Il circuito elettrico

(3) Quando gli elettroni camminano in colonna, formano una linea elettrica. Le linee di forza che partono dall’emisfero nord nello spazio ed arrivano sull’emisfero sud della calamita, sono ugualmente linee elettriche prive di conduttori. Una corrente elettrica è di conseguenza una linea di forza, priva o non di conduttore. Il conduttore, tale il suo nome, conduce soltanto. Ma, essendo fatto di elettroni, l’elettricità è per forza materiale; dato che tanto piccoli siano, gli elettroni sono vere masse. Questo significa che se queste masse si riuniscono improvvisamente su un punto solo, daranno nascita ad una massa più grande, ad un satellite per esempio. E se continuano ad arrivare in quantità su questo satellite, lo faranno crescere in ugual misura. Questo è vero e certo.

(4) Con i lampi del temporale, da sempre gli uomini videro la forza elettrica e la sua potenza. E quando trovarono i mezzi per produrla, copiarono gli astri senza saperlo. Ma non lo sanno ancora, se no conoscerebbero l’attività degli astri, e tutto l’universo sarebbe loro rivelato. La comprensione di quest’attività tiene dunque a poche cose, semplicemente paragonando il generatore all’astro, come questo:

Il generatore e l’astro

8 - Il generatore e l’astro

(5) Ecco la concordanza del generatore e dell’astro che sono tutti e due delle calamite avendo bisogno dal lato APPORTO e dal lato CONSUMO degli elettroni per attivarsi, perché senza consumo non c’è apporto possibile né corrente. Qui, sulla figura di destra, questo consumo è rappresentato da un anello (visto qui in sezione) che, lo vedremo, non mancherà di dar nascita ad un satellite che sarà anche lui una vera e propria resistenza elettrica. Su queste resistenze, gli elettroni sono parzialmente consumati, e quel che rimane ritorna al generatore o all’astro. C’è dunque necessità di un circuito. Questo è formato dai conduttori di andata e ritorno sul generatore, e dalle linee di forza di andata e ritorno sull’astro, che sono altrettanto delle linee elettriche ma sprovviste di conduttore.

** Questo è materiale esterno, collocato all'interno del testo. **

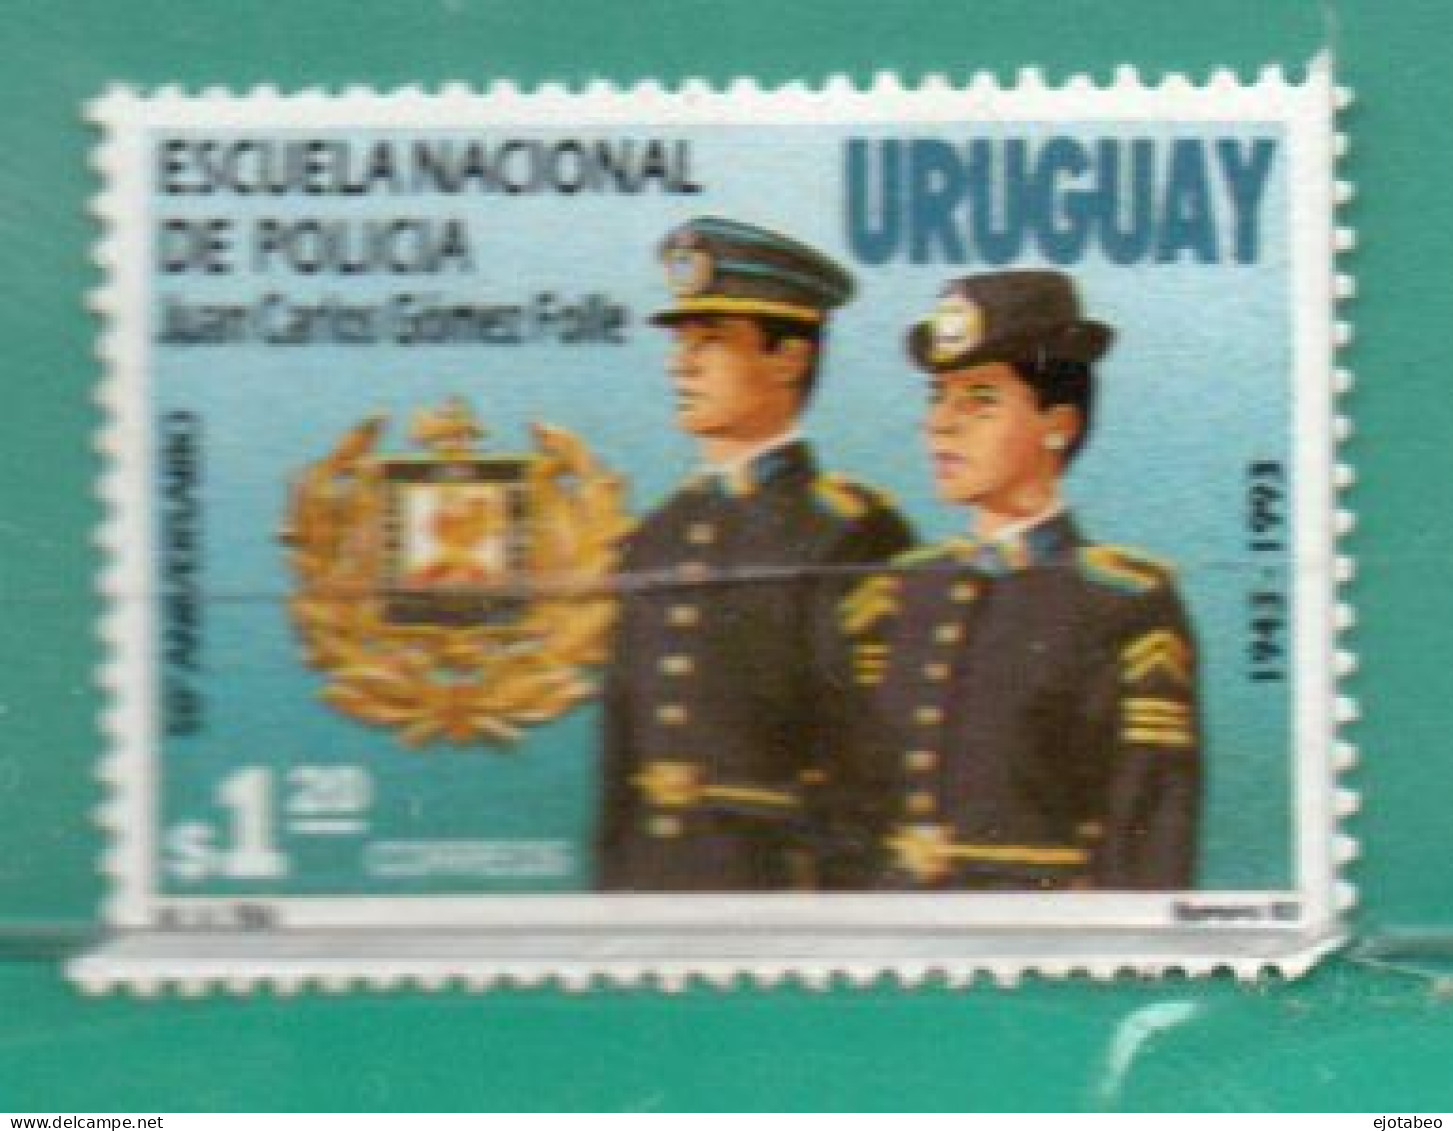 812b URUGUAY 1993 YT 1440 Nuevo Sin Goma-50a.Escuela Nacional De PolicíaTT:Sombreros,Escudos,Uniformes,Gallos - Uruguay

(6) Guardate solo ciò che è mostrato, e pensate che l’astro è circondato da una quantità considerevole di linee di forza e non da una sola come sulla figura di destra. Se si aumentasse altrettanto il numero di circuiti e di resistenze intorno ad un generatore, questo qui funzionerebbe maggiormente, in quanto più le resistenze sono numerose e più il generatore (che è anche l’astro) produce dell’elettricità. Questo, perché la calamita del generatore restaura costantemente le linee elettriche producendo la quantità consumata. Questo ci mostra che, in un caso come nell’altro, è il consumo che comanda l’apporto.

I conduttori elettrici

(7) Tutto questo ci metterà sulla via. Per il momento, pensiamo che un filo elettrico rimarrebbe un conduttore se ne facessimo una sfera. Gli astri sono così delle sfere conduttive collegate le une alle altre da linee di forza e anelli. Ma, per spiegare l’attività degli astri, conviene vedere prima che gli elettroni non camminano all’interno della massa dei conduttori come si dice, ma intorno a loro. Quando l’elettricità è troppo grande e obbligata a passare parzialmente nel metallo conduttore, questo metallo a causa di resistenza si scalda e va fino a fondere. Ed è questo fenomeno di resistenza che fa fondere la superficie del nucleo dell’astro intorno al quale si opera la saldatura degli elettroni, facendo crescere il suo volume.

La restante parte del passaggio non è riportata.